Entretanto los siracusanos hacían todos los aprestos necesarios para la guerra, y los atenienses por su parte pasaban el invierno en Naxos, y desde allí tenían sus inteligencias por todas las vías y maneras que podían con la mayoría de las ciudades de Sicilia por atraerlas a su amistad y devoción.
Muchas de ellas, especialmente las que estaban en tierra llana, que eran súbditas de los siracusanos, se rebelaron contra ellos, y las otras ciudades libres y francas, que estaban más adentro, en tierra firme, se confederaron con los atenienses, y les enviaron socorro, unas de dinero, otras de gente y otras de vituallas.

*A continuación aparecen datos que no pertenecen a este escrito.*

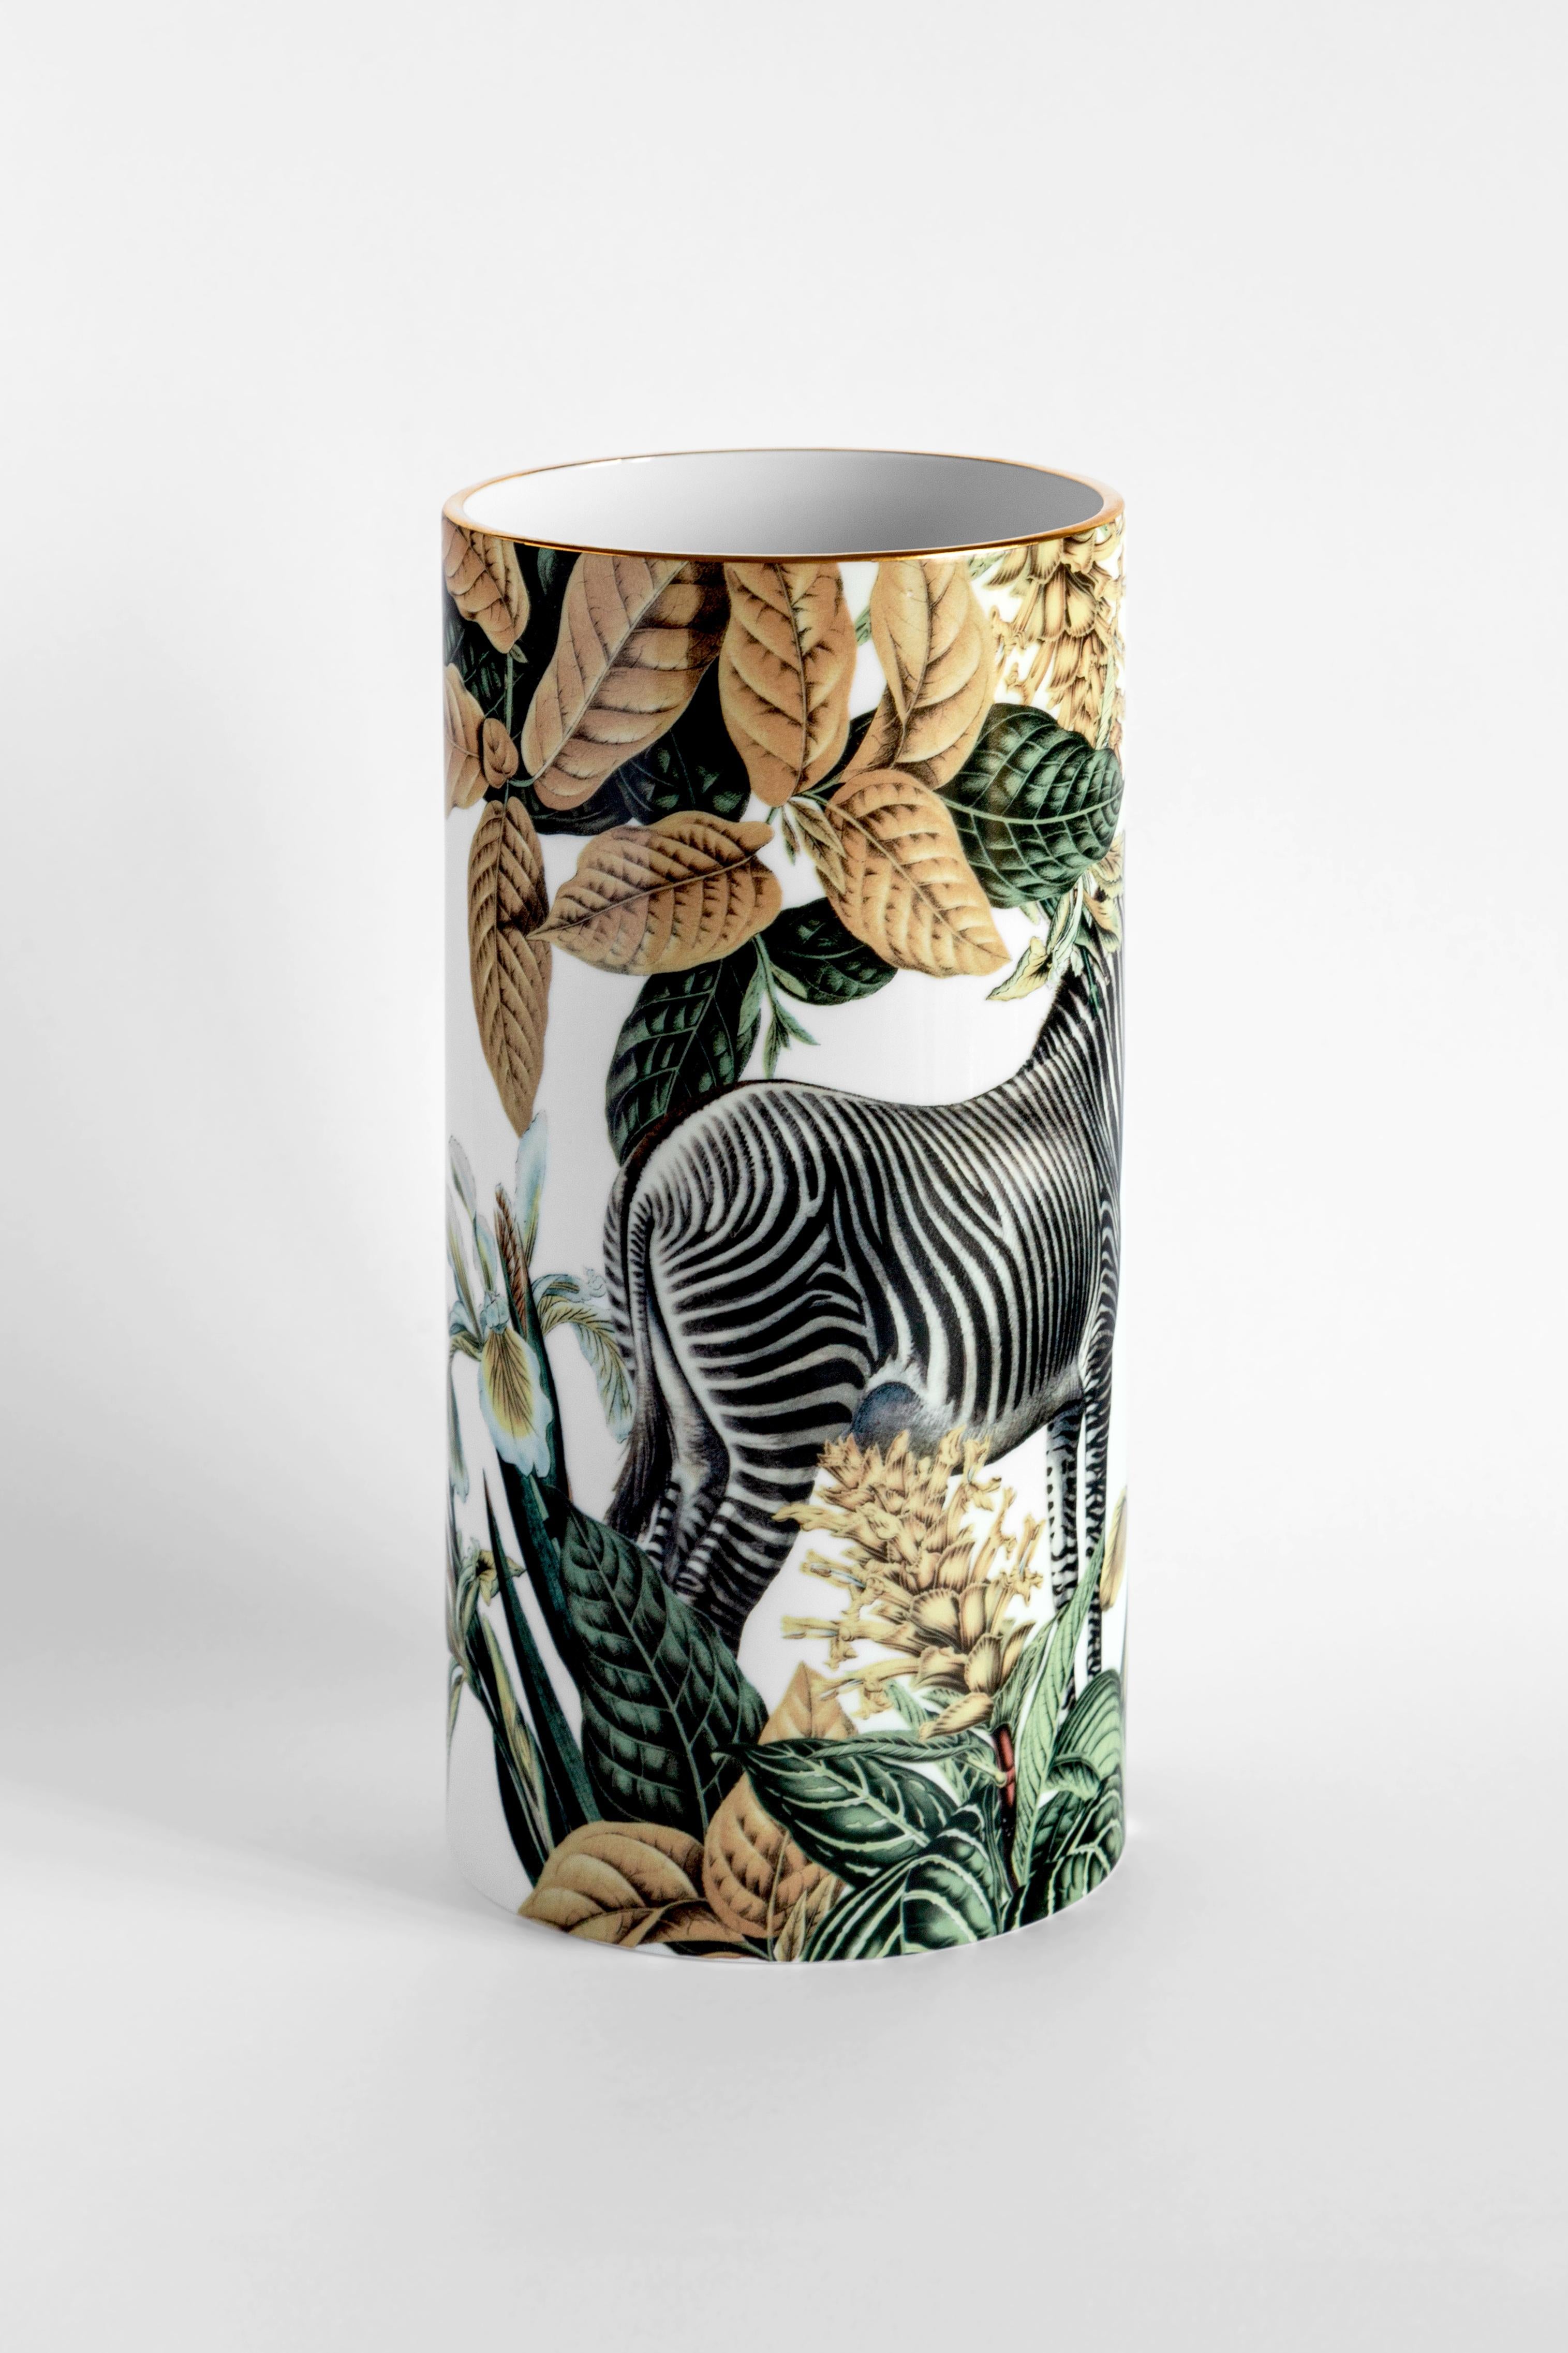 Stunning hues and vibrant colors dynamically dance and come together in this vase by Vito Nesta depicting a superbly detailed African zebra surrounded by luscious gold, green, and white vegetation. The gorgeous burst of colors infusing charm and

De las ciudades que no lo quisieron hacer de grado, fueron algunas obligadas a ello por fuerza de armas, y a las otras prohibieron y estorbaron dar auxilio a los siracusanos.
Durante este invierno salieron de Naxos y volvieron los atenienses a Catana, donde rehicieron sus alojamientos y estancias en el mismo lugar que estaban antes, cuando los siracusanos las quemaron.
Estando aquí enviaron un buque con embajada a los cartagineses para hacer alianza con ellos si podían, y asimismo a las otras ciudades marítimas que están en la costa del mar Tirreno, de las cuales algunas se aliaron con ellos y les prometieron socorro y ayuda en aquella guerra contra los siracusanos.
Además mandaron a los egesteos y a los otros sus aliados de Sicilia que les enviasen toda la gente de a caballo que pudiesen, e hicieron gran provisión de madera, herramienta y otras cosas necesarias para construir un muro fuerte delante de la ciudad de Siracusa, la cual estaban decididos a sitiar inmediatamente después que pasase el invierno.